## ASSIGNMENT
Could you give the data that follows again exactly, without its pictures?

## INFORMATION SHOWN
============================================================

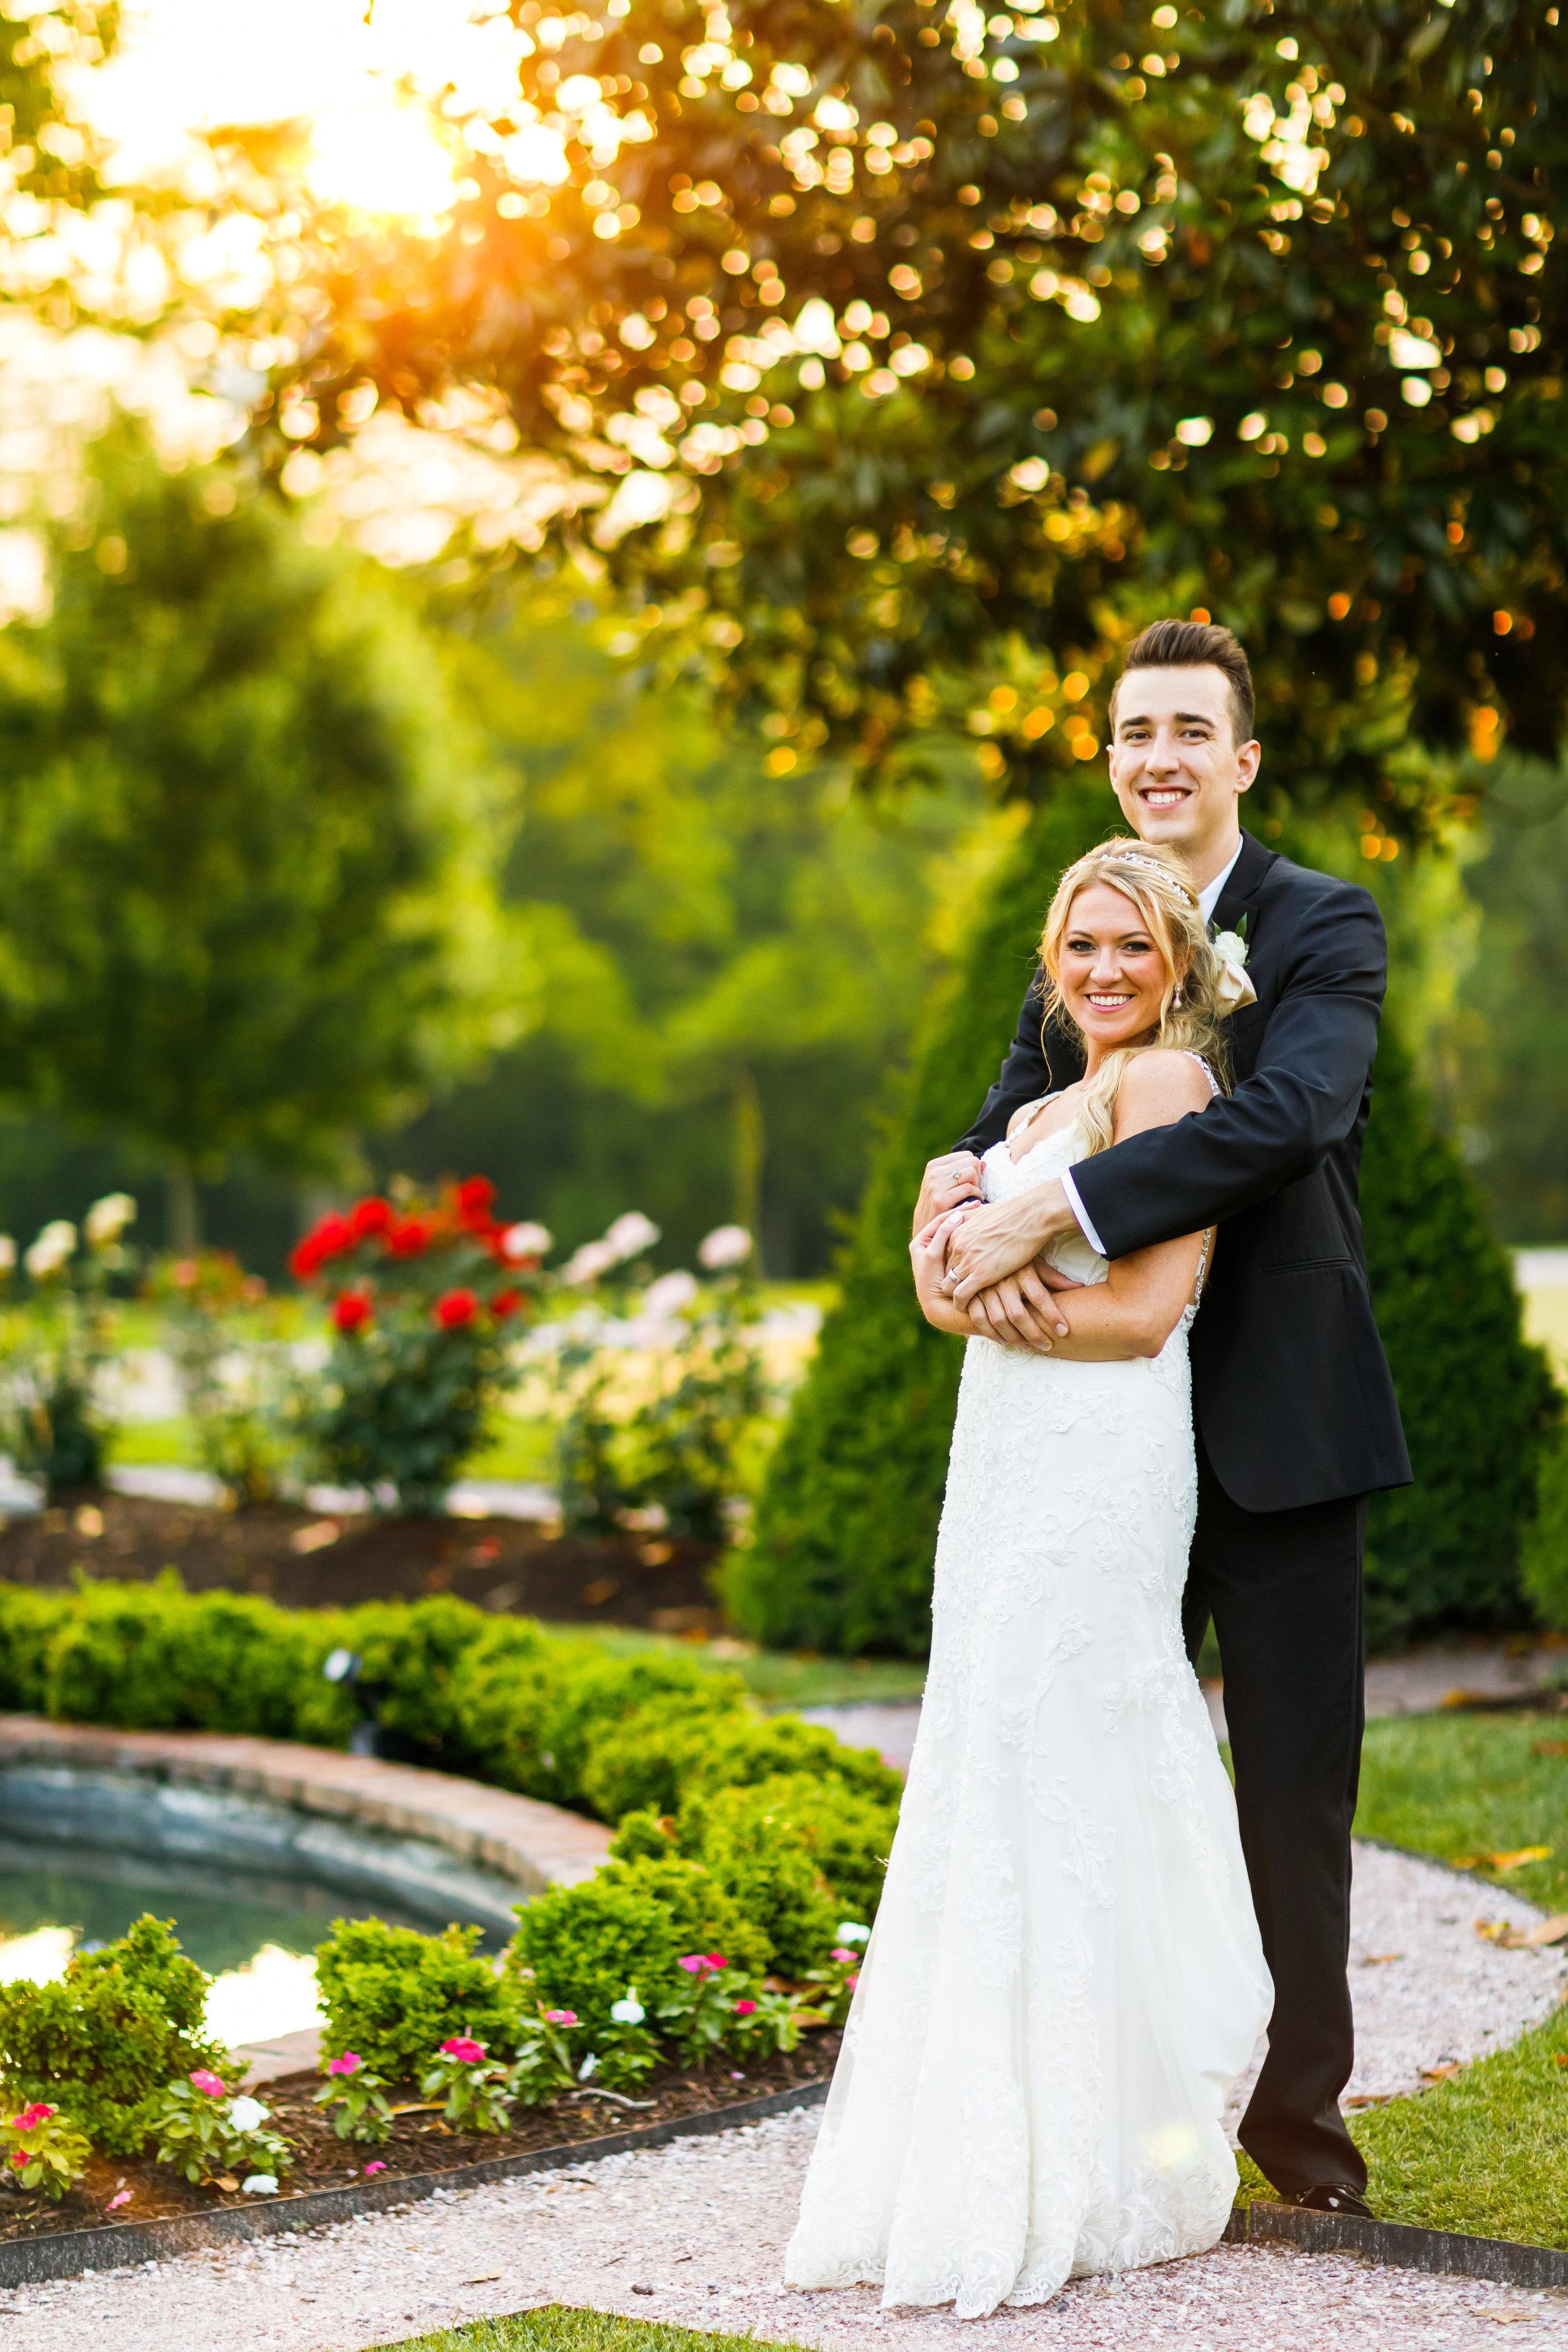 Haddad-Husband-Wife-10.jpg
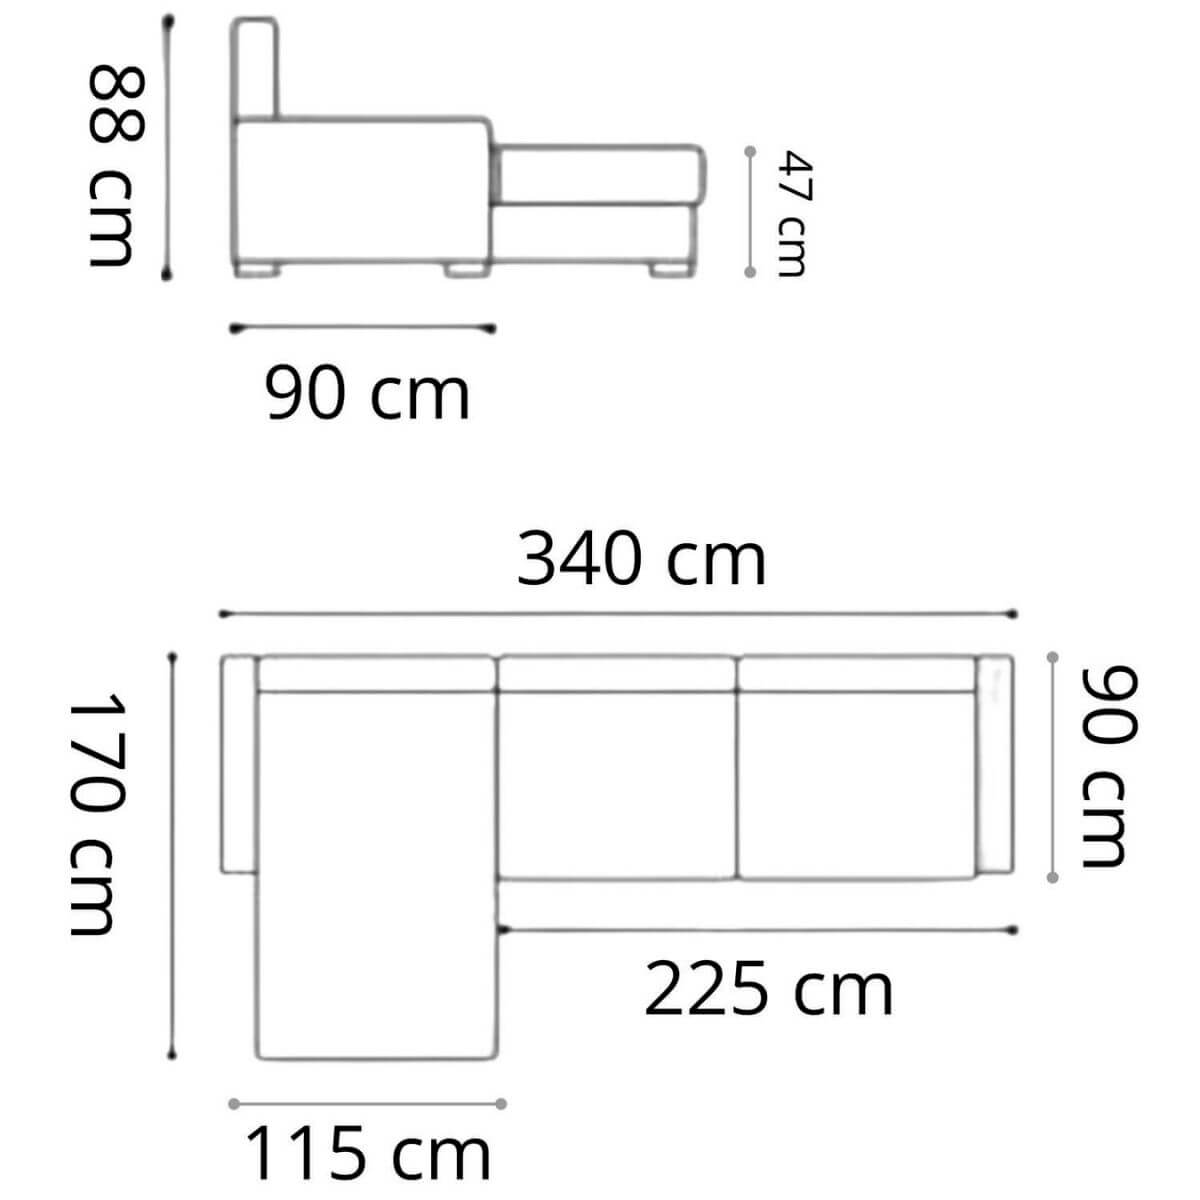 Sofá Chaise de Couro 4 Lugares 340cm Canadá LD Pronta Entrega  - Formato Móveis e Decorações
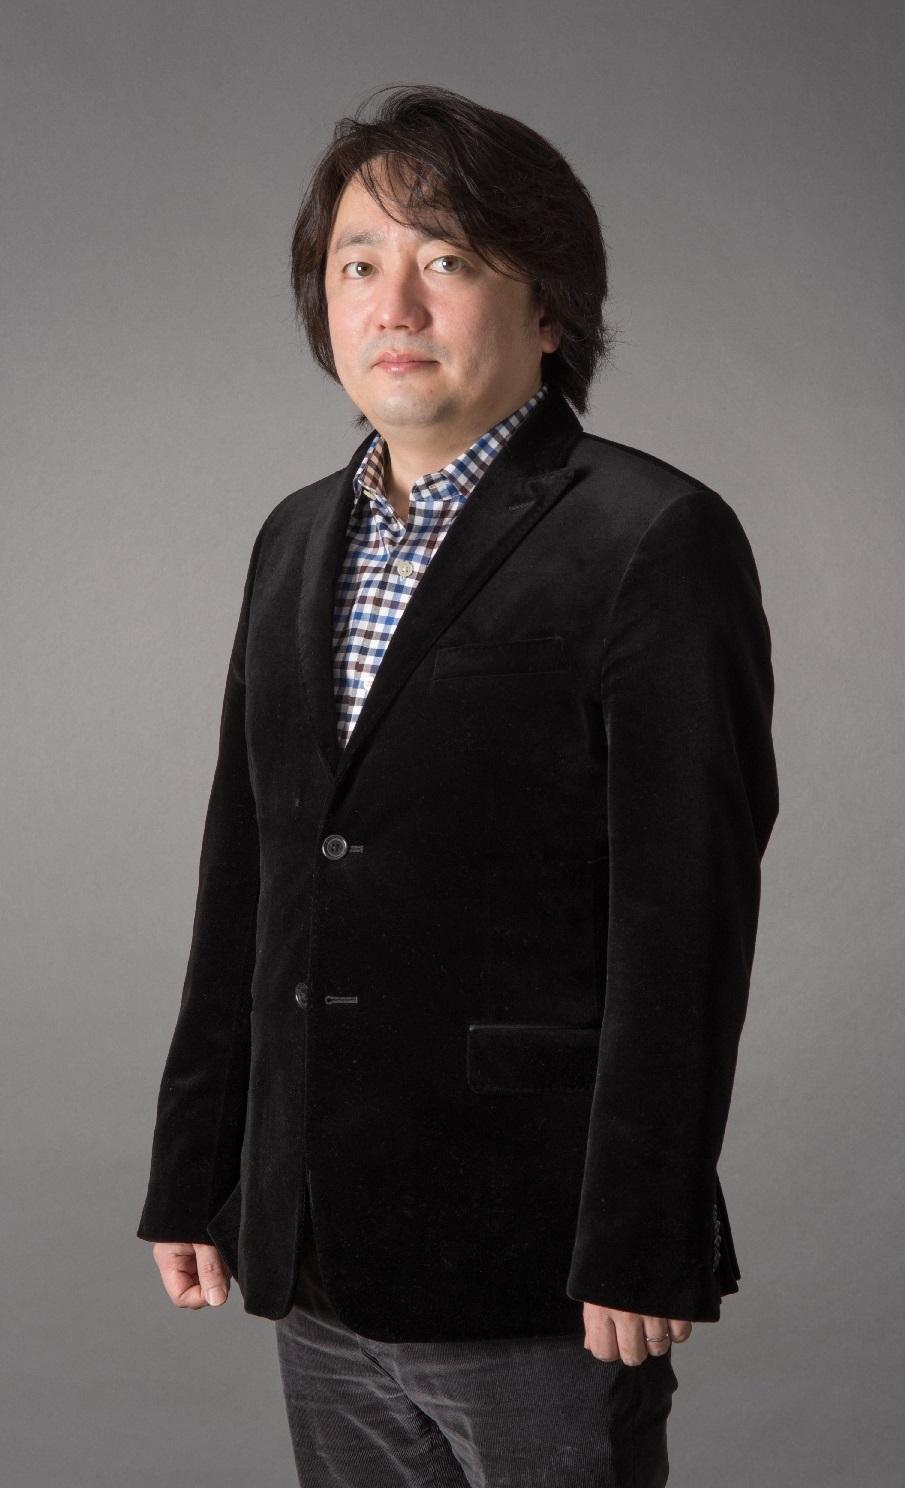 新アニメ『爆釣バーハンター』が2018年秋より放送開始! 広橋涼さん、内山夕実さん、斎賀みつきさん、根本幸多さんが出演!の画像-6

============================================================

## RESULT
 Haddad-Husband-Wife-10.jpg
 Sofá Chaise de Couro 4 Lugares 340cm Canadá LD Pronta Entrega  - Formato Móveis e Decorações
 新アニメ『爆釣バーハンター』が2018年秋より放送開始! 広橋涼さん、内山夕実さん、斎賀みつきさん、根本幸多さんが出演!の画像-6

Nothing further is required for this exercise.